[Given material — start]
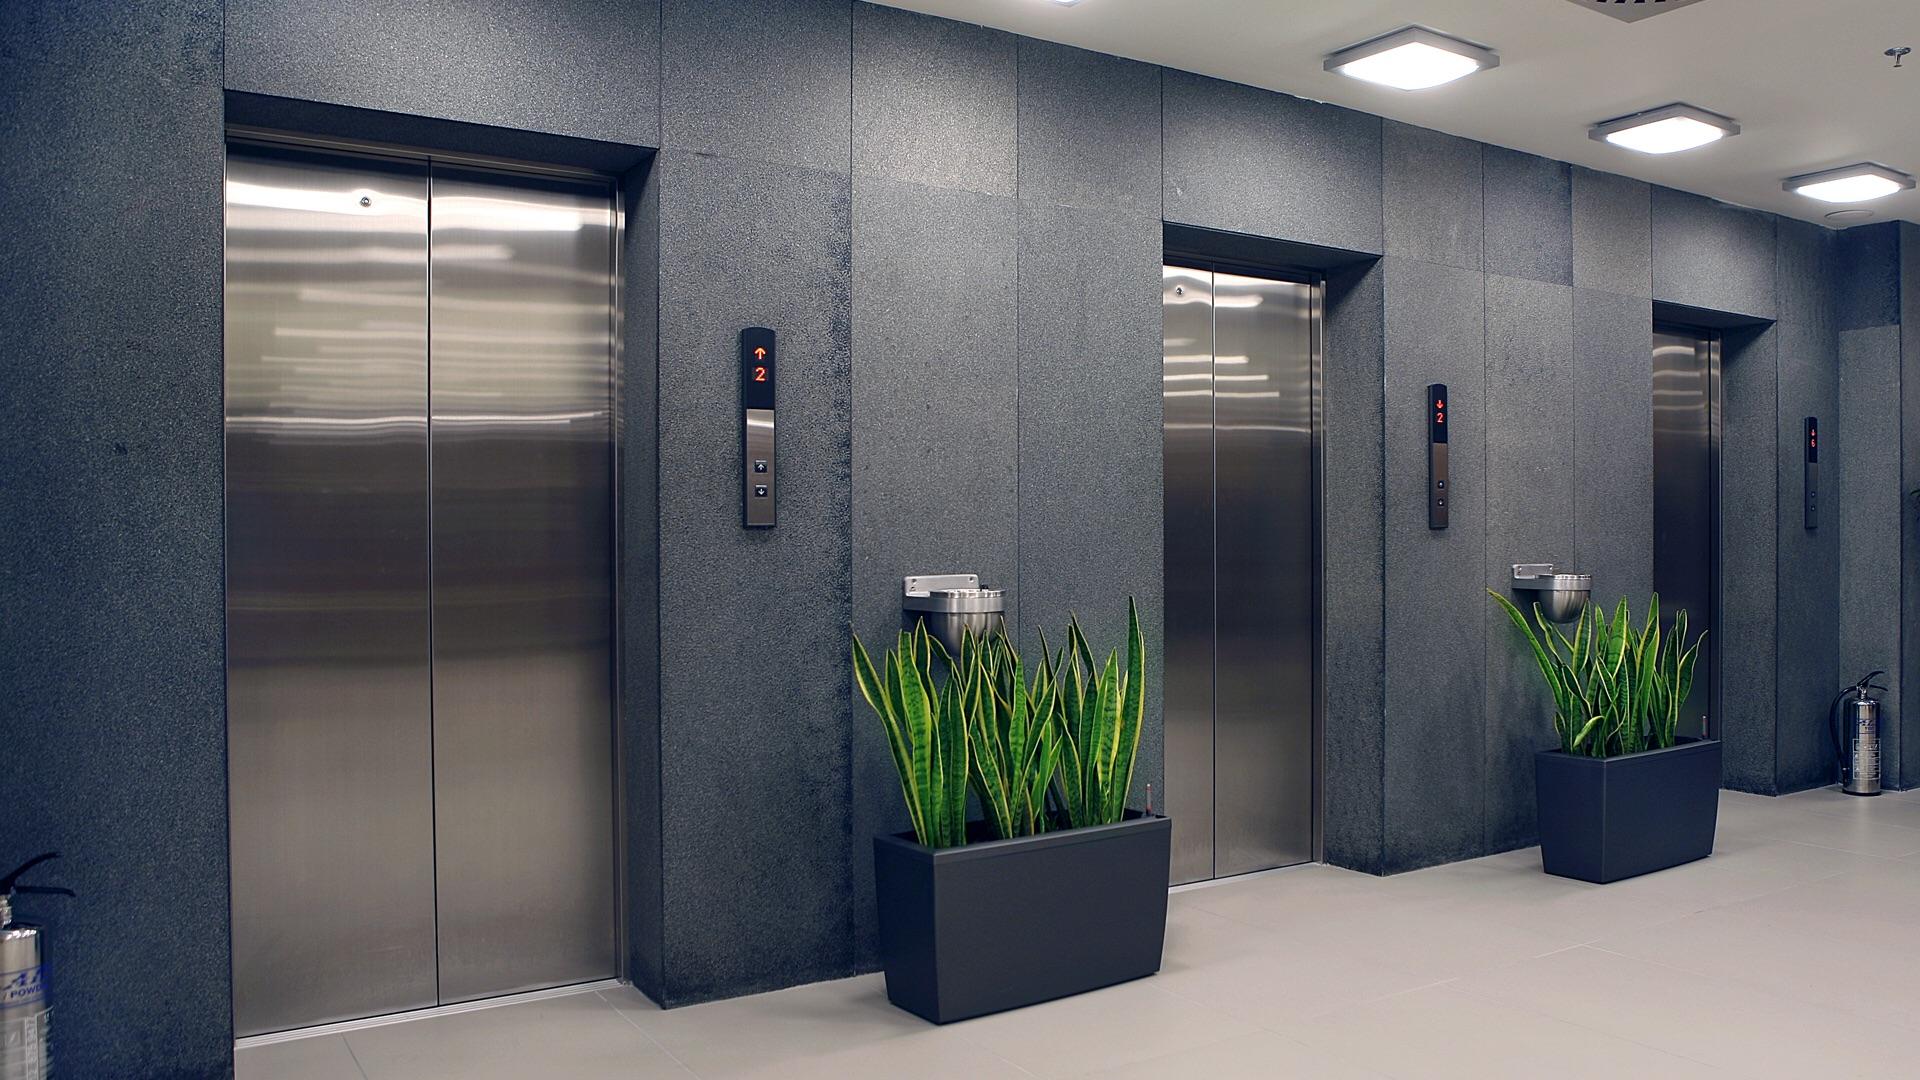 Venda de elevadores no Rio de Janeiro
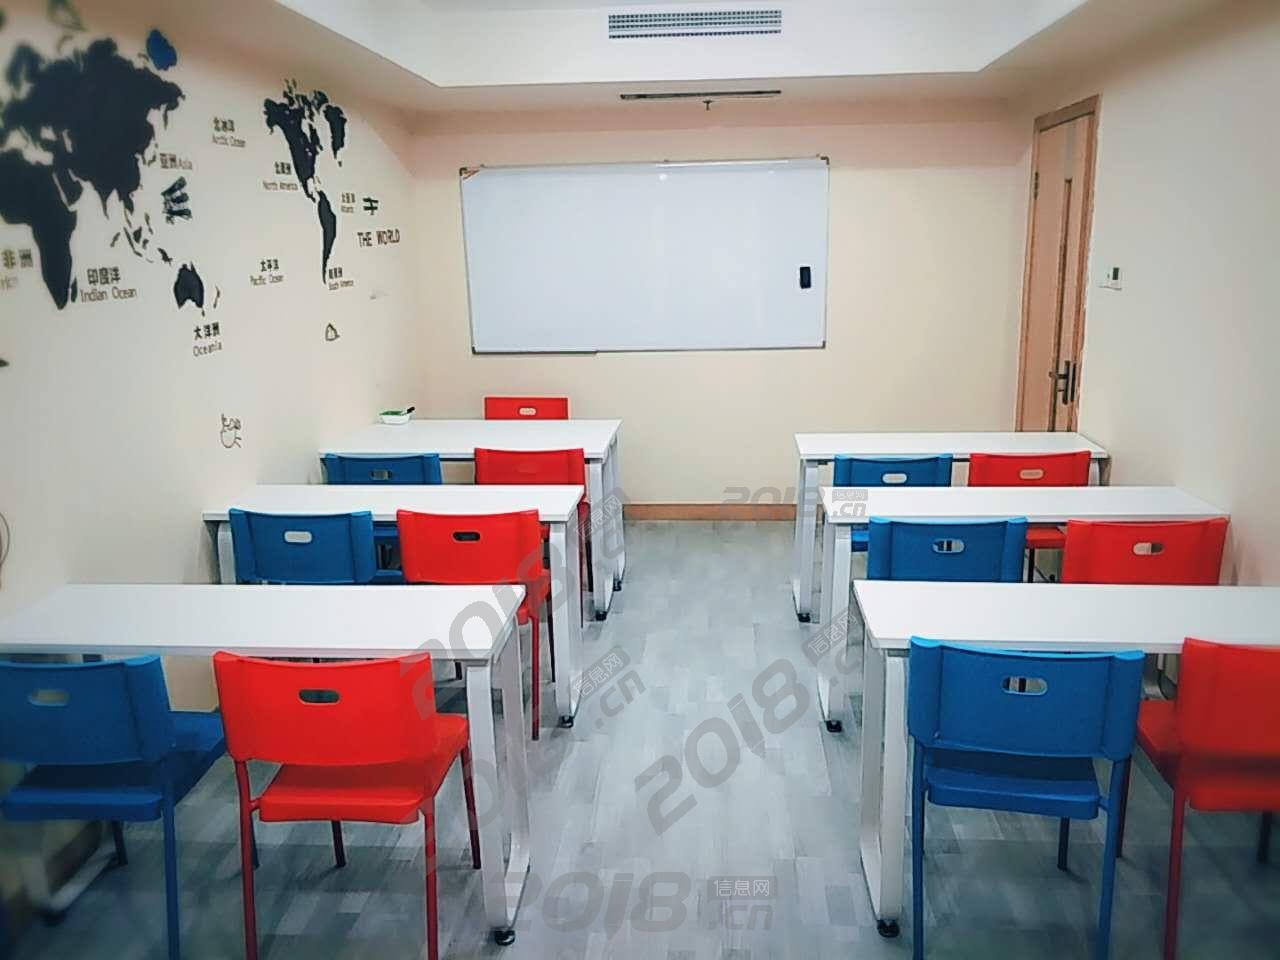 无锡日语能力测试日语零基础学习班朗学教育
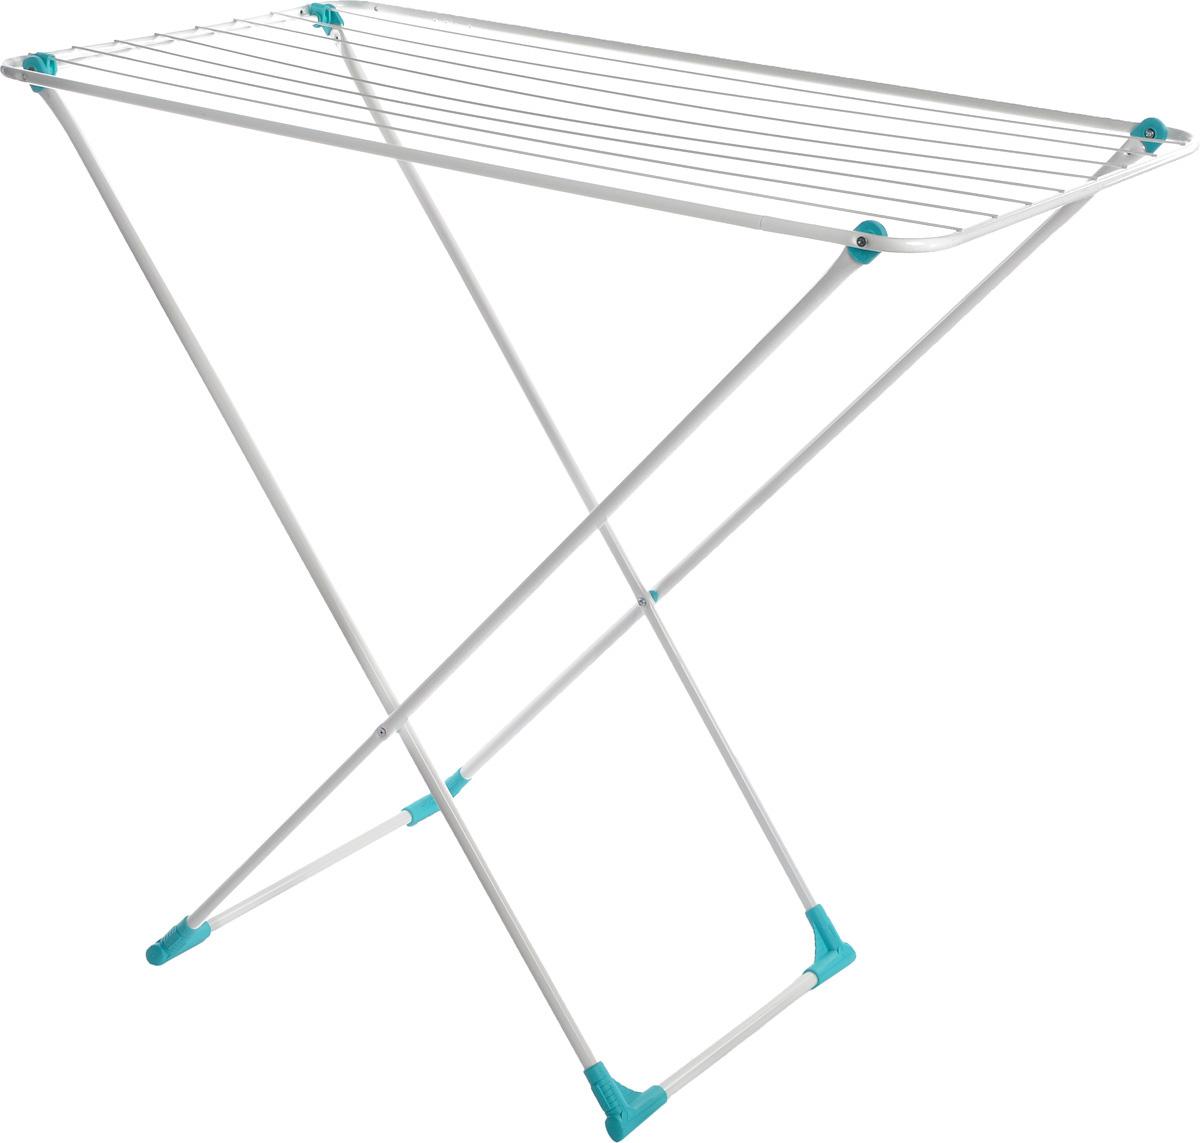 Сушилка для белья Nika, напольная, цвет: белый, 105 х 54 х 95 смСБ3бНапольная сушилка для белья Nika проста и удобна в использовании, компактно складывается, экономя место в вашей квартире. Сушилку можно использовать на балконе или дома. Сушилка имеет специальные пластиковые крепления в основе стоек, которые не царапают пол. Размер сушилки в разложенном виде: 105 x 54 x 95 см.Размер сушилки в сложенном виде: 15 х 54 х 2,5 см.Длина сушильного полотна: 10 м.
[Given material — finish]
Reproduce the listing exactly, but keep its images out of the copy.

 Venda de elevadores no Rio de Janeiro
 无锡日语能力测试日语零基础学习班朗学教育
 Сушилка для белья Nika, напольная, цвет: белый, 105 х 54 х 95 смСБ3бНапольная сушилка для белья Nika проста и удобна в использовании, компактно складывается, экономя место в вашей квартире. Сушилку можно использовать на балконе или дома. Сушилка имеет специальные пластиковые крепления в основе стоек, которые не царапают пол. Размер сушилки в разложенном виде: 105 x 54 x 95 см.Размер сушилки в сложенном виде: 15 х 54 х 2,5 см.Длина сушильного полотна: 10 м.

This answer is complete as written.